Again, go for the S drive and create new image file (in my case the name is starwind2.swdsk).
And on the next screen, click the Change network settings buton to select which network is used for syncing and which for heartbeat.
Then you click the Create replica button…
Click finish to close the assistant window and then you should see the replication starting…
Configuration of ESXi hosts
Configuration of iSCSI initiator through vSphere “FAT” client.
First, add the NIC being used by iSCSI network traffic…
Then change TAB and add the IP address of Starwind1 VM acting as an iSCSI target (the IP storage NIC)
Click Yes to re-scan the storage… You should see that when selecting the Initiator, bellow the StarWind target interface will appear…
While you there, add the second StarWind node to have multiple storage paths.
Adding the iSCSI storage
To add an iSCSI storage you need to go to the configuration > Storage > add storage. And here is a screenshot when adding a new storage wizard starts …
Note that the disk shows Hardware acceleration – supported. The reason why is that because of VAAI support which is built into Starwind. The storage can accelerate basic VM tasks like snapshot, clone etc…. I quickly tested and love that -:).
You can check the storage paths in properties of the datastore. You should see multiple paths to the Starwind datastore now…
Do the same for the second host and you’re done. You have a shared storage provided by Starwind virtual SAN free 2-node license.
And the other way around we can check that both ESXi are connected to the Starwind datastore. Connect to the Starwind console and select the starwind1 device.
If you need to expand the Storage there is no need to re-install as Starwind provides a wizard which can expand the mirrored image file.
Manual way ok, but how about automating all that!
Note that in this review I walked you through the whole process via (almost) a step-by-step so even the users who aren’t much experienced with VMware or Microsoft can implement it. However experienced administrators shall know that Starwind has also automated way of deployment, which is however outside of the scope of this review.
The automated deployment is done via Starwind Wizard.
After connection to the ESXi host, you have the possibility to specify a Microsoft ISO to begin with and complete the build of the VSA an automated manner!
I know Starwind Software since their Conception, when virtualization has started, few years back. It was one of the easiest ways to build quickly a software based iSCSI SAN. But the folks at Starwind never sleeps and they kept evolving their product with constant innovation.
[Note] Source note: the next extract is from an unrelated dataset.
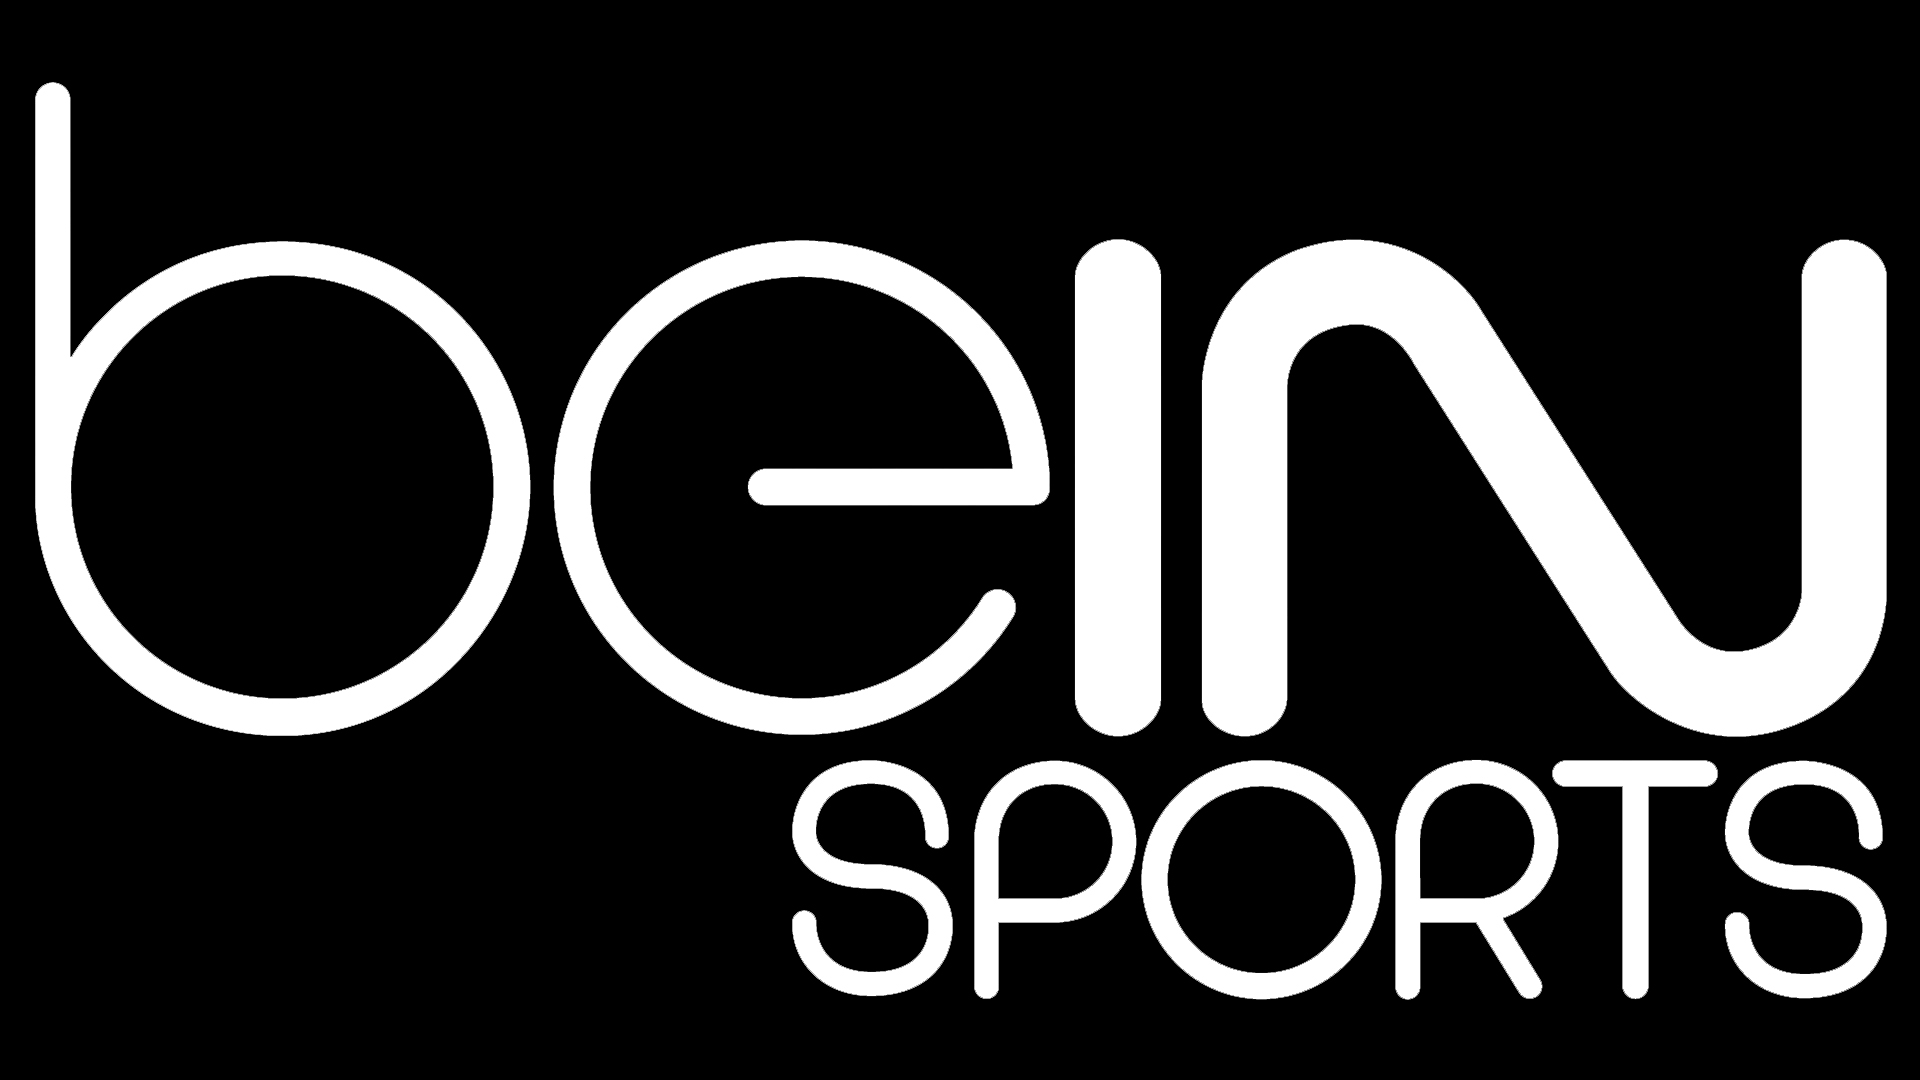 Bein sports 3 sport. Bein лого. Лого Беин Спортс. Bein Sport logo. Bein Sports TV логотип.

The 2 node Hyper-Converged scenario is just the part of the iceberg. StarWind Vitual SAN scales out and supports unlimited amount of nodes in a cluster and either 2-way or 3-way replication between HA LUNs. Is it possible to add that NFS failover shares on top on an HA iSCSI LUNs, so configures like NexentaConnect with StarWind Virtual SAN are free of charge.
As far as I know, the roadmap brings additional enhancements like per-VM policy support allowing to control not individual LUNs/datastores but VMs directly by specifying different storage policies.
Note: Please note that this review was sponsored by Starwind.